Calling $y = p^{iu}$ for brevity, we have from (A4):
$$
\alpha_0 = (\det U)^{-1} [y^{-1} p^\ell u_{11} u_{22} + y^{-1} (1-p^{2
\ell}) u_{21} u_{22} - yp^\ell u_{12} u_{21} ]
$$
$$
\alpha_1 = (\det U)^{-1} [y^{-1} p^{3 \ell} u_{11} u_{22} + y (1-p^{2
\ell}) p^{2 \ell} u_{11} u_{12} - yp^{3 \ell} u_{12} u_{21}]
$$
$$
\beta_0 = (\det U)^{-1} [y^{-1} p^\ell u_{12} u_{22} + y^{-1} (1-p^{2
\ell}) u_{22}^2 -yp^\ell  u_{12} u_{22} ]
$$
$$
\beta_1 = (\det U)^{-1} [y^{-1} p^{3 \ell} u_{12} u_{22} + y (1-p^{2
\ell}) p^{2 \ell} u_{12}^2  - yp^{3 \ell} u_{12} u_{22}]
$$
$$
\gamma_0 = (\det U)^{-1} [-y^{-1} p^\ell u_{11} u_{21} - y^{-1} (1-p^{2
\ell}) u_{21}^2 + yp^\ell u_{11} u_{21} ]
$$
$$
\gamma_1 = (\det U)^{-1} [-y^{-1} p^{3 \ell} u_{11} u_{21} - y (1-p^{2
\ell}) p^{2 \ell} u_{11}^2 + yp^{3 \ell} u_{11} u_{21}]
$$
$$
\delta_0 = (\det U)^{-1} [-y^{-1} p^\ell u_{12} u_{21} - y^{-1} (1-p^{2
\ell}) u_{21} u_{22} + yp^\ell u_{11} u_{22} ]
$$
$$
\delta_1 = (\det U)^{-1} [-y^{-1} p^{3 \ell} u_{12} u_{21} - y (1-p^{2
\ell}) p^{2 \ell} u_{11} u_{12} + yp^{3 \ell} u_{11} u_{22}]
\eqno(A8)
$$
The equations (A5) are now written as:
$$
(1-p^{2n+4 \ell})( \beta_0 - \beta_1 p^{2n-2}) \tilde{f}_{n+1} + p^{2
\ell} (1-p^{2n-2}) (\beta_0 - \beta_1 p^{2n}) \tilde{f}_{n-1} =
$$
$$
= \left ( ( \alpha_0 - \alpha_1 p^{2n}) (\beta_0 - \beta_1 p^{2n-2}) +
(\delta_0 - \delta_1 p^{2n-2}) ( \beta_0 - \beta_1 p^{2n}) \right )
\tilde{f}_n
\eqno(A9a)
$$
and
$$
(1-p^{2n+4 \ell})( \gamma_0 - \gamma_1 p^{2n-2}) \tilde{g}_{n+1} + p^{2
\ell} (1-p^{2n-2}) (\gamma_0 - \gamma_1 p^{2n}) \tilde{g}_{n-1} =
$$
$$
= \left ( ( \delta_0 - \delta_1 p^{2n}) (\gamma_0 - \gamma_1 p^{2n-2}) +
(\alpha_0 - \alpha_1 p^{2n-2}) ( \gamma_0 - \gamma_1 p^{2n}) \right )
\tilde{g}_n
\eqno(A9b)
$$

We are going to compare (A9) with the recurrence relation (B8) for
$q$\--Jacobi polynomials (see Appendix B below).

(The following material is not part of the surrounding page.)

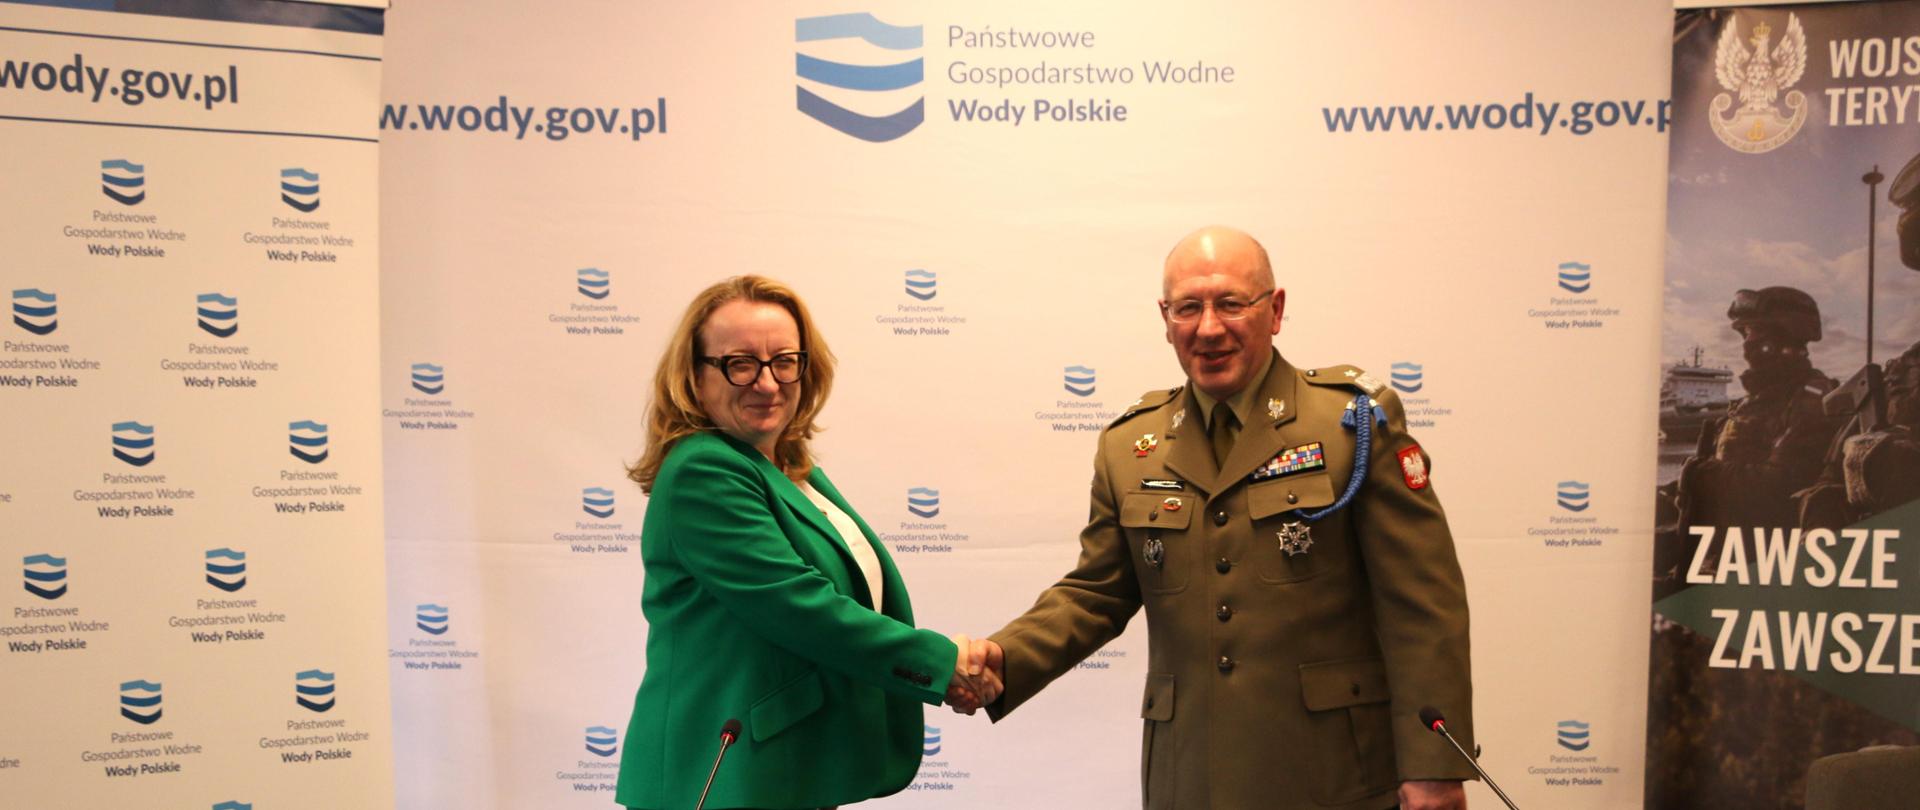 Prezes Wód Polskich Joanna Kopczyńska i generał Krzysztof Stańczyk zawarli porozumienie w sprawie współpracy Wód Polskich i Wojsk Obrony Terytorialnej

For general values of $(\alpha , \beta )$ they look quite different.
However, for particular values: I) $\beta = \alpha + 1$;
II) $\beta = \alpha - 1$;
III) $\beta = \alpha$, considerable simplifications in (B8) occur.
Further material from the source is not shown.